WHAT TO PRODUCE: Your reply should contain the whole listing below, repeated exactly, and no images.

RAW DATA:
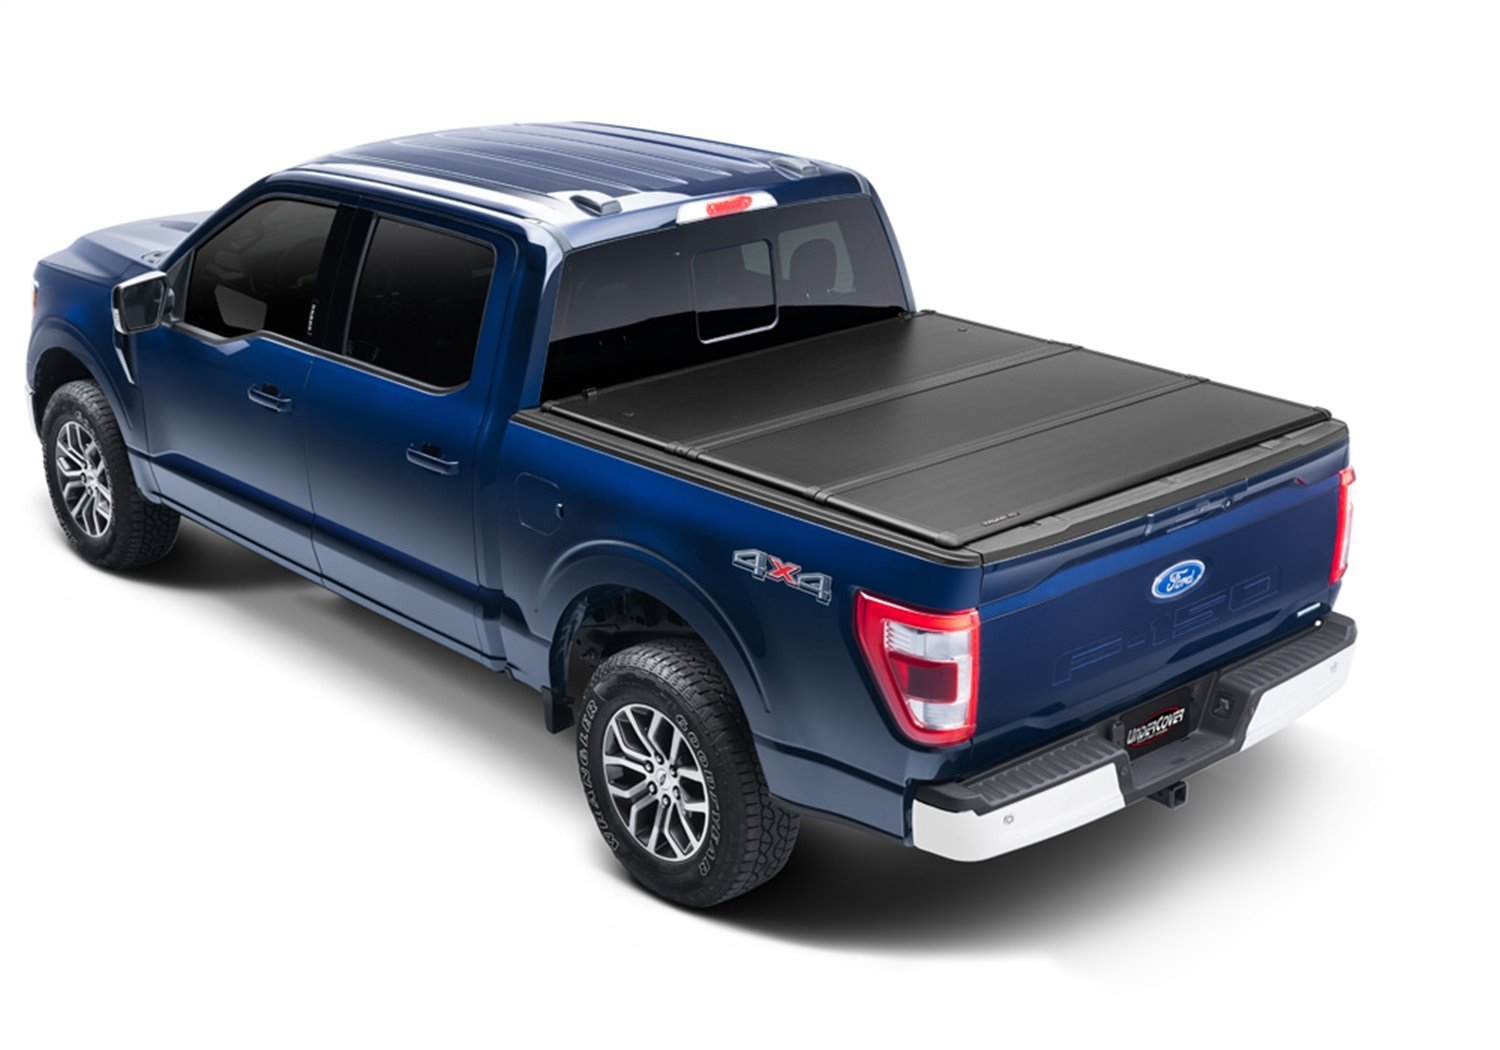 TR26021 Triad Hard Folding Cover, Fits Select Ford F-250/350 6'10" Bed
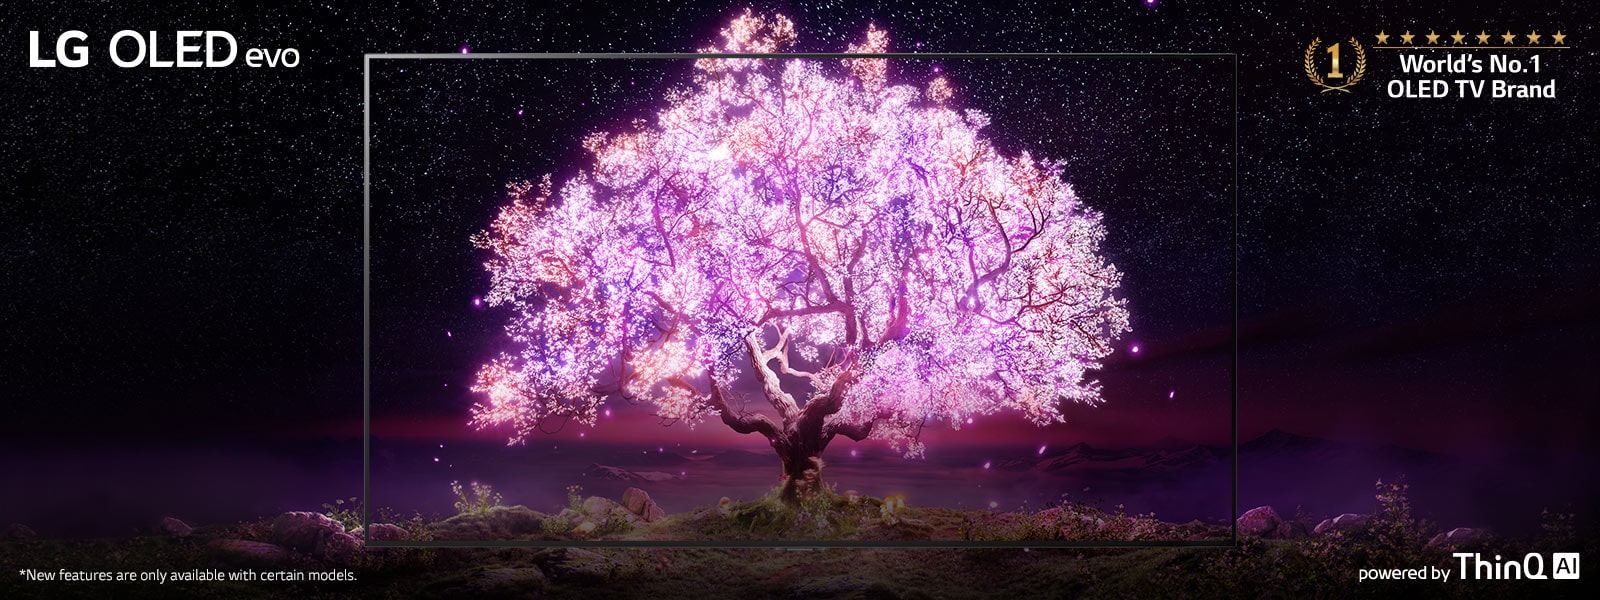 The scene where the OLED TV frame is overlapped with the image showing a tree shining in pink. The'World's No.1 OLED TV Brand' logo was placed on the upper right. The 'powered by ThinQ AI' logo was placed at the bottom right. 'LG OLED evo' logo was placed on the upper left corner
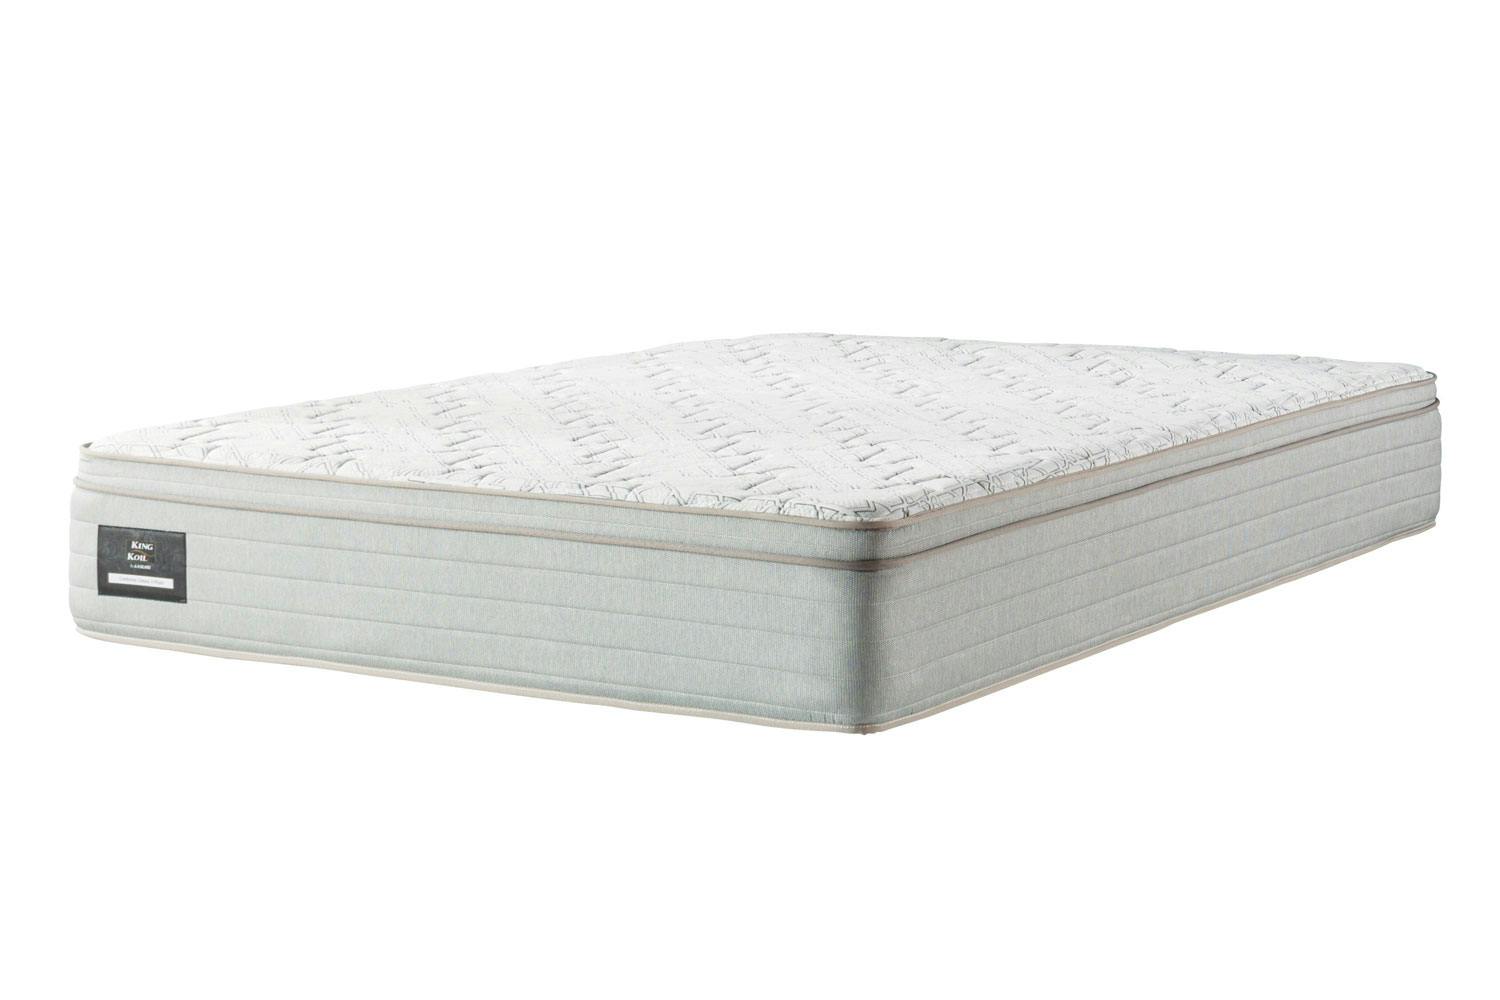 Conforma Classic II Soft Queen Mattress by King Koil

OUTPUT OF THE EXERCISE:
 TR26021 Triad Hard Folding Cover, Fits Select Ford F-250/350 6'10" Bed
 The scene where the OLED TV frame is overlapped with the image showing a tree shining in pink. The'World's No.1 OLED TV Brand' logo was placed on the upper right. The 'powered by ThinQ AI' logo was placed at the bottom right. 'LG OLED evo' logo was placed on the upper left corner
 Conforma Classic II Soft Queen Mattress by King Koil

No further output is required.